If I have a big list or numpy array or etc that I need to split into sub-lists, how could I efficiently calculate the stadistics (mean, standar deviation, etc) for the whole list?
As a simple example, let's say that I have this small list:
l = [2,1,4,1,2,1,3,2,1,5]
>>> mean(l)
2.2000000000000002
But, if for some reason I need to split into sub-lists:
l1 = [2,1,4,1]
l2 = [2,1,3,2]
l3 = [1,5]
Of course, you don't need to know a lot about mathematics to know that this is NOT TRUE:
mean(l) = mean(mean(l1), mean(l2), mean(l3))

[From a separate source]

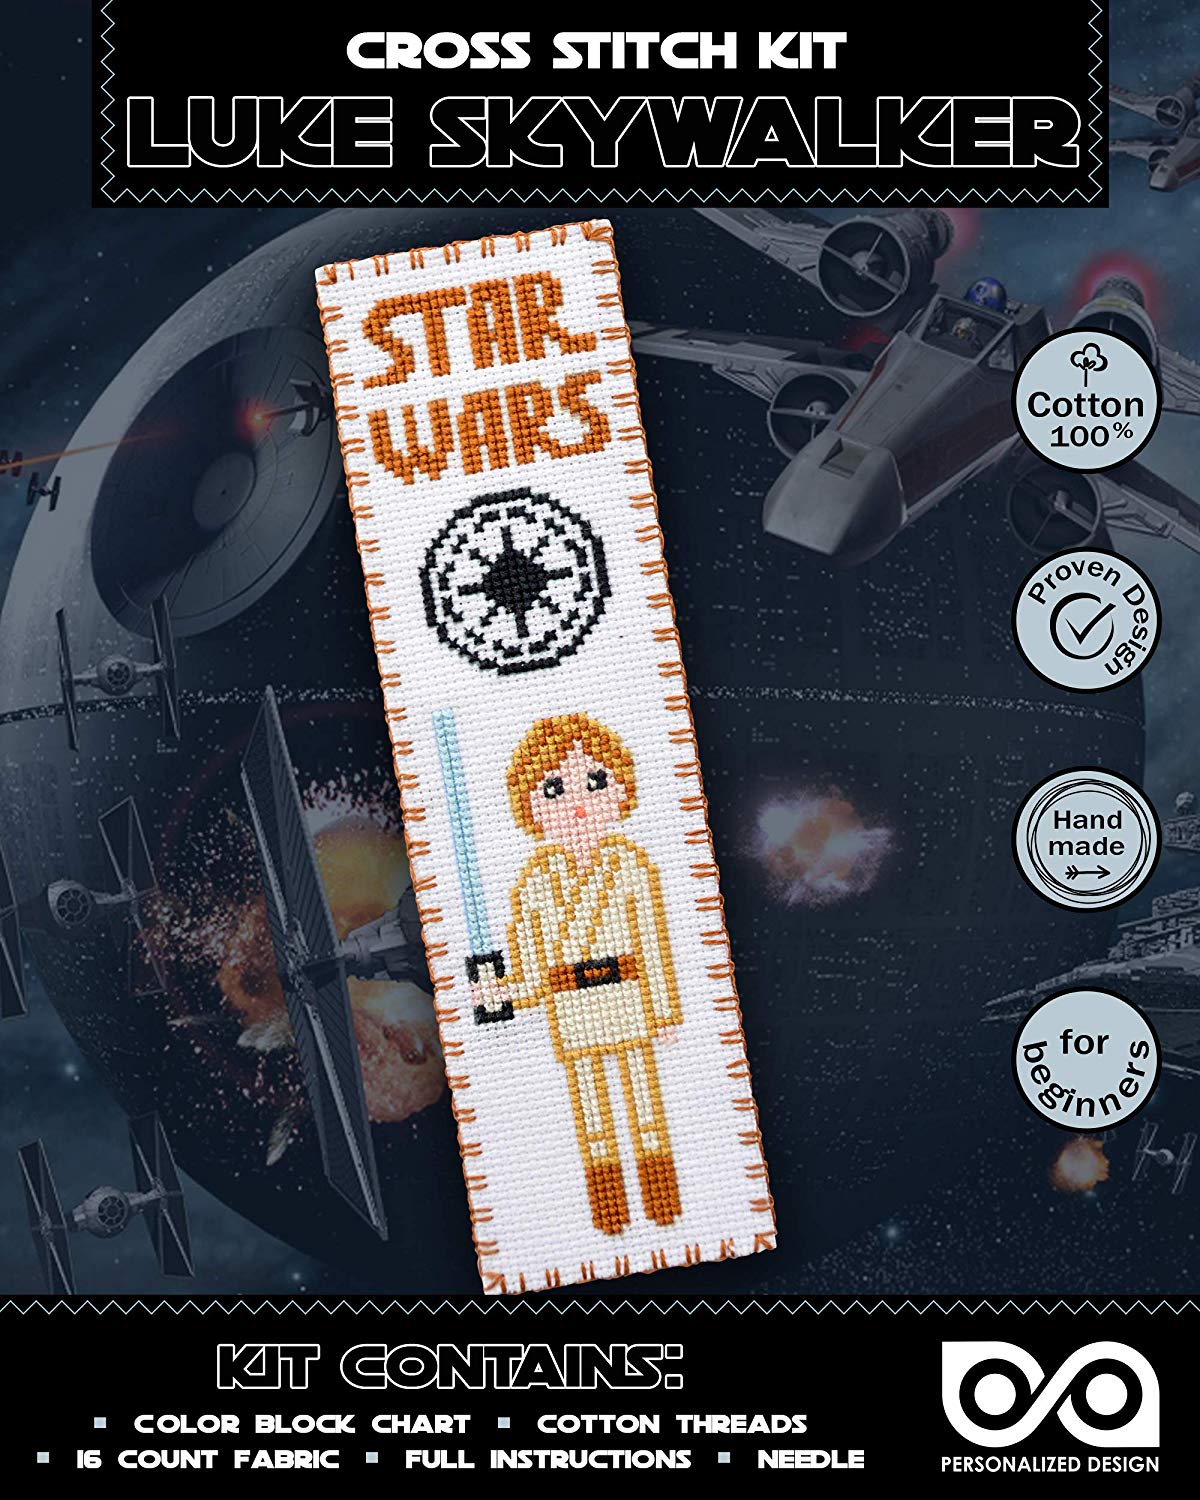 Cross Stitch Kits 'Star Wars' Luke Skywalker
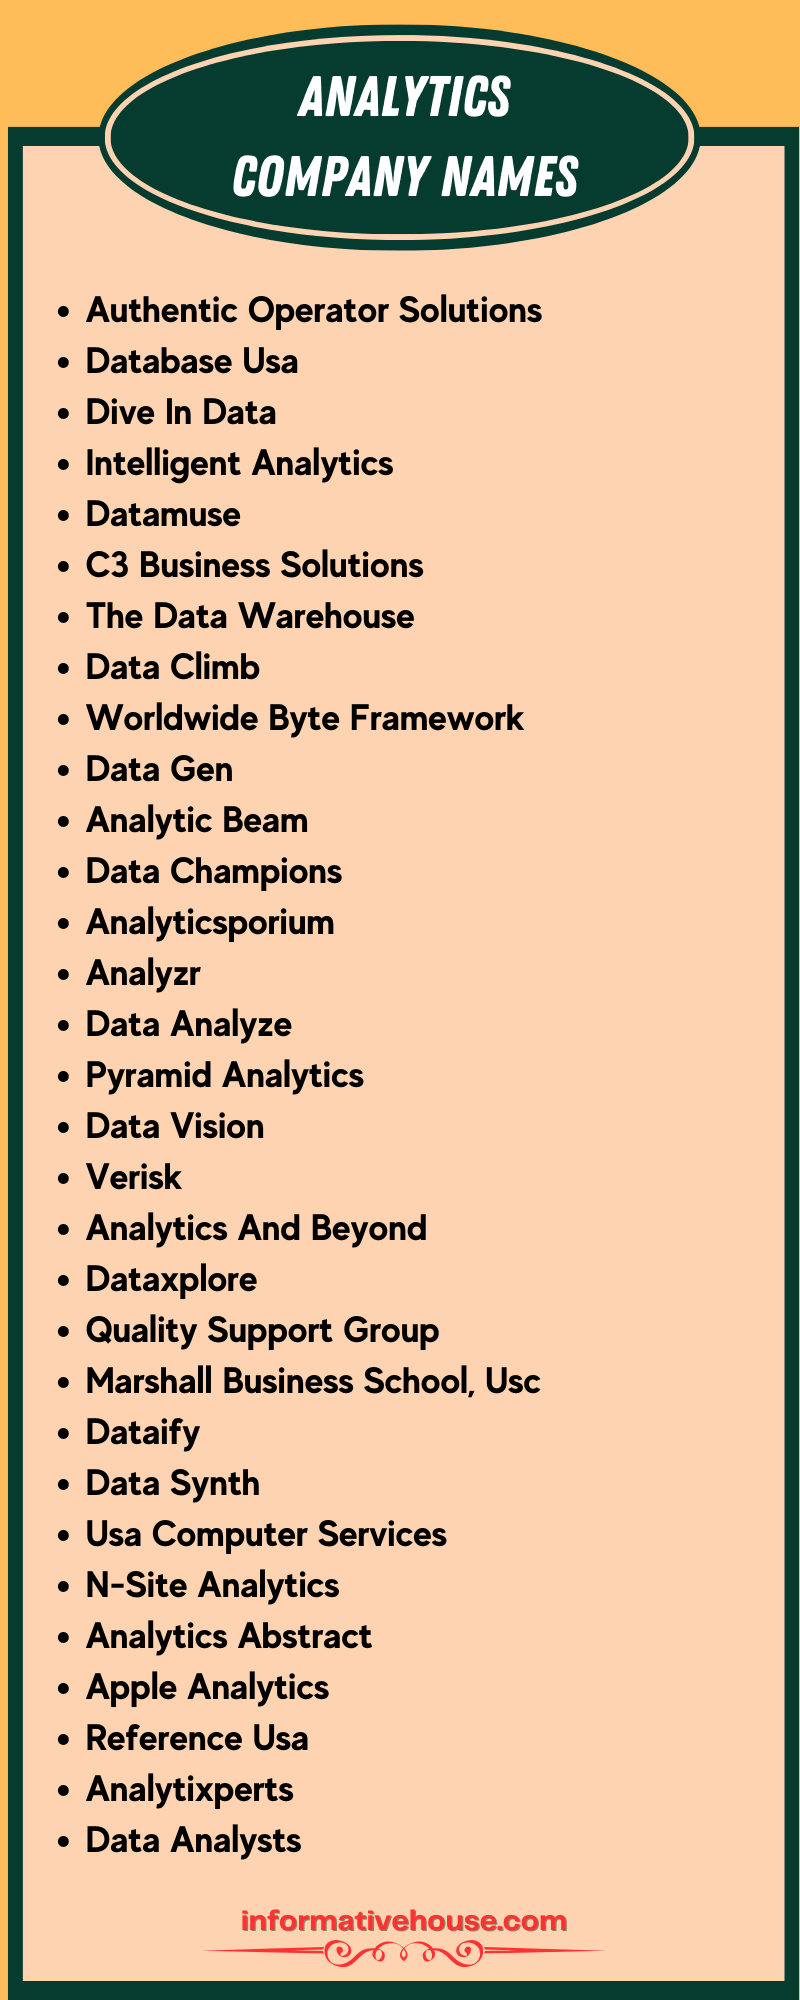 Analytics Company Names

This may be true just if the lenght of all and every list is the same, which is not in this case.
The background of this question is related to the case when you have a very big dataset that does not fit into memory, and thus, you will need to split it into chucks.
In general, you need to keep the so-called sufficient statistics for each subset. For the mean and standard deviation, the sufficient statistics are the number of data, their sum, and their sum of squares. Given those 3 quantities for each subset, you can compute the mean and standard deviation for the whole set.
The sufficient statistics are not necessarily any smaller than the subset itself. But for mean and standard deviation, the sufficient statistics are just a few numbers.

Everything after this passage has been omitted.